Rule Number 2: Show How Much More You Know
If
you cannot entirely control the conversation, make sure you
belittle the speaker and whisper disparaging comments to those
nearby. Watch carefully when others speak, and find a way
to contradict everything that has just been said.
Rather
than failing at this all-important task of regaining the conversation,
if you can’t correct him, don’t be afraid to correct the speaker’s
grammar. Roll your eyes frequently, and make sure when the
conversation in finished, you let all nearby know that the
speaker who so rudely took your share of the conversation
knows nothing. And don’t forget to correct every Sunday school
teacher. She may have written the lesson, but that doesn’t
mean she should have the final word.
Rule Number 3: When Someone Else Makes an Excellent
Point …
If
another person speaking has ideas and convictions that agree
with your own, try not to pay too much attention to what they
have to say. This is another great place to use the ‘roll
your eyes’ trick. Interrupt with your own insights on the
subject to draw attention away from the speaker. If you can
guess what the point of the conversation is, beat him to the
punch line and say it first, so all the credit of his brilliant
insight is transferred to you. If he does happen to say it
first and others are duly impressed, make sure you mention
that some famous philosopher said it first, and that you read
already in a book by Ernest Hemingway, Gordon B. Hinckley,
or Erin Ann McBride and Juli Hiatt Caldwell.
Rule Number 4: What to Do When They Figure Out Your
Lips Never Stop Flapping
When
generally agreeable people have discovered that your pie hole
is either always open or full of food, they will choose to
remain silent when they are forced to endure your company
at FHE or other gatherings. This is a good thing! This is
exactly what you want. You will be permitted to shine like
the star that you are, and you will have no fear of a rival
trying to take your rightful spot as the star of all verbal
interaction.
In
doing the above four rules, you can be reasonably assured
that the conversation will never be boring to you. Everyone
else is dull and has nothing to contribute. After all, who
wants to talk about anything but you anyway?

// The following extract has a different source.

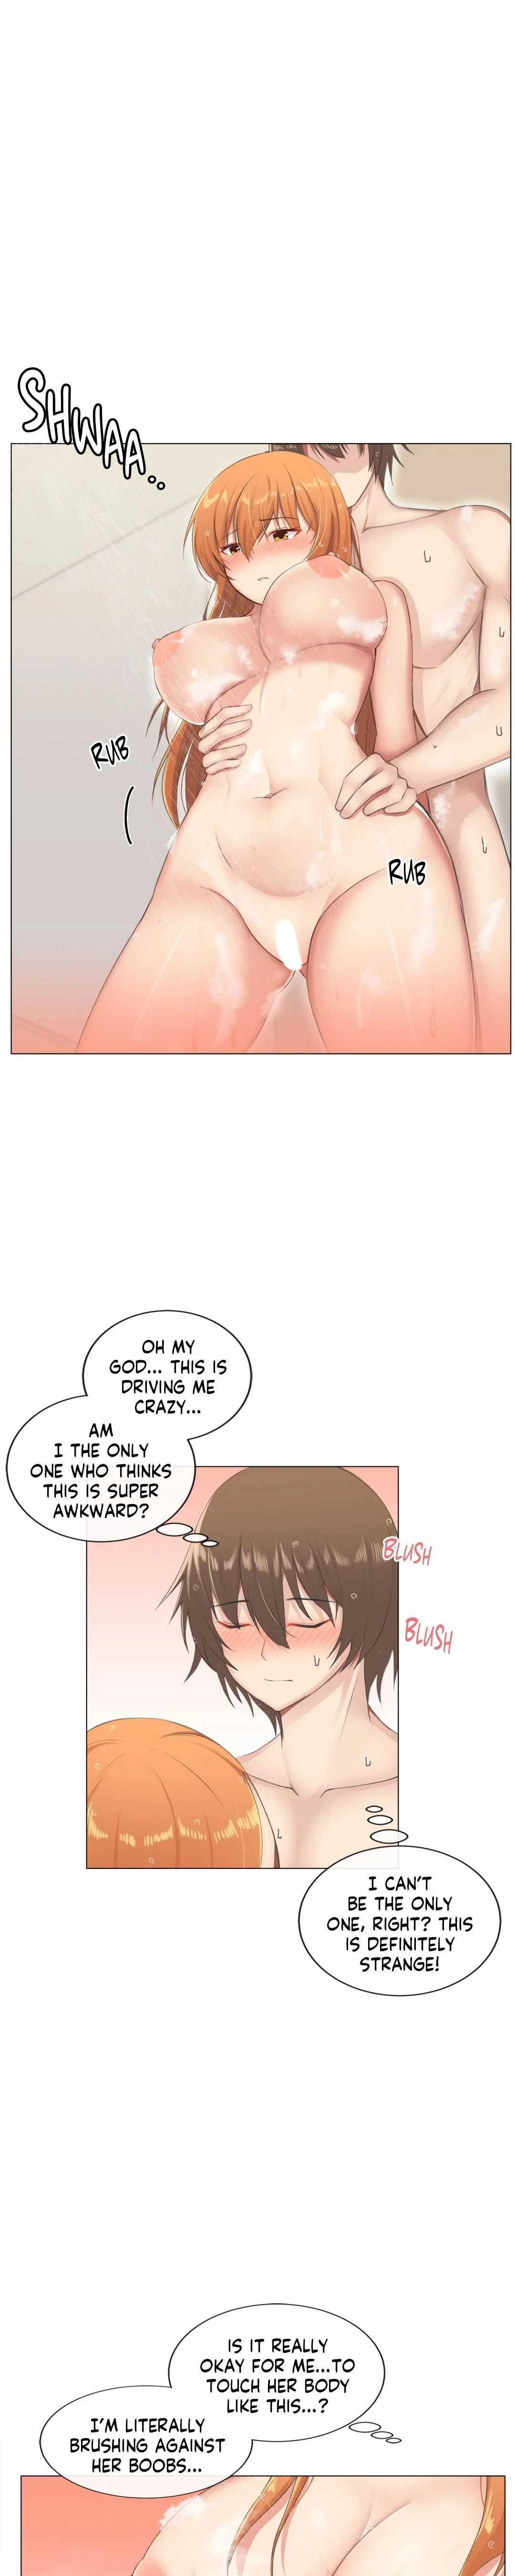 [Dumangoon, 130F] Sexcape Room: Pile Up Ch.9/9 [English] [Manhwa PDF] Completed 78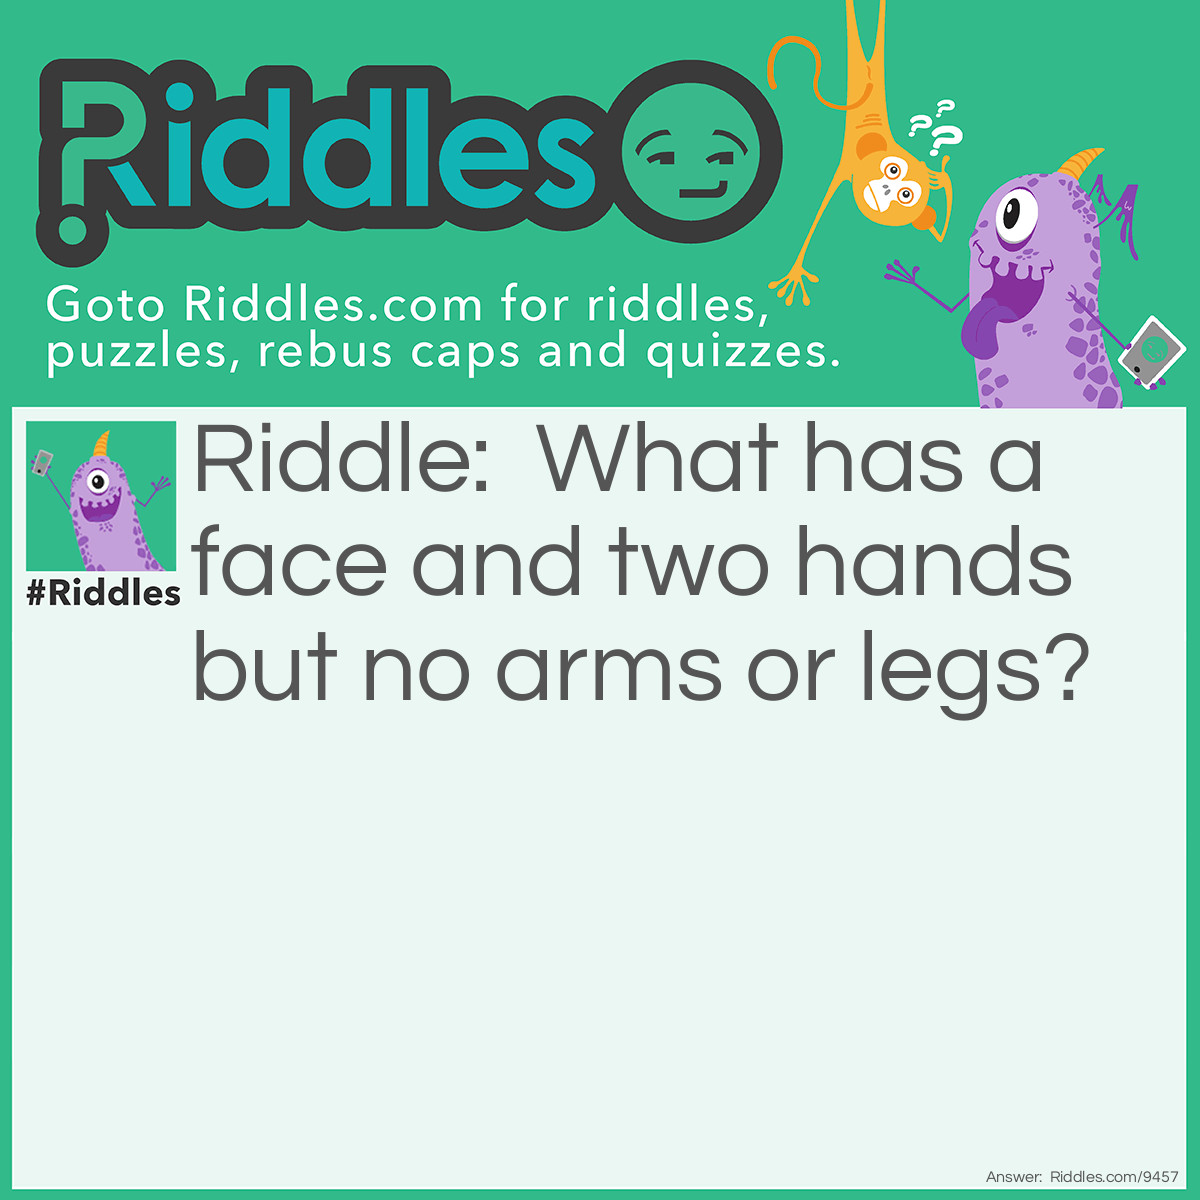 Riddle: What has a face and two hands but no arms or legs? Answer: A clock.

Rule Number 5: Don’t Grow Up. Ever!
Make
sure you never move out of your parents’ home. Although you
have graduated from college and can make a decent living,
live with your parents and spend all of your time and money
on yourself. Buy worthless items and spend a great deal of
time with them, and talk about them frequently in the company
of others. Make sure you mention how expensive it was, too.
Use
much of your free time in chat rooms online and let everyone
in the cyber universe know how fabulous you are as well.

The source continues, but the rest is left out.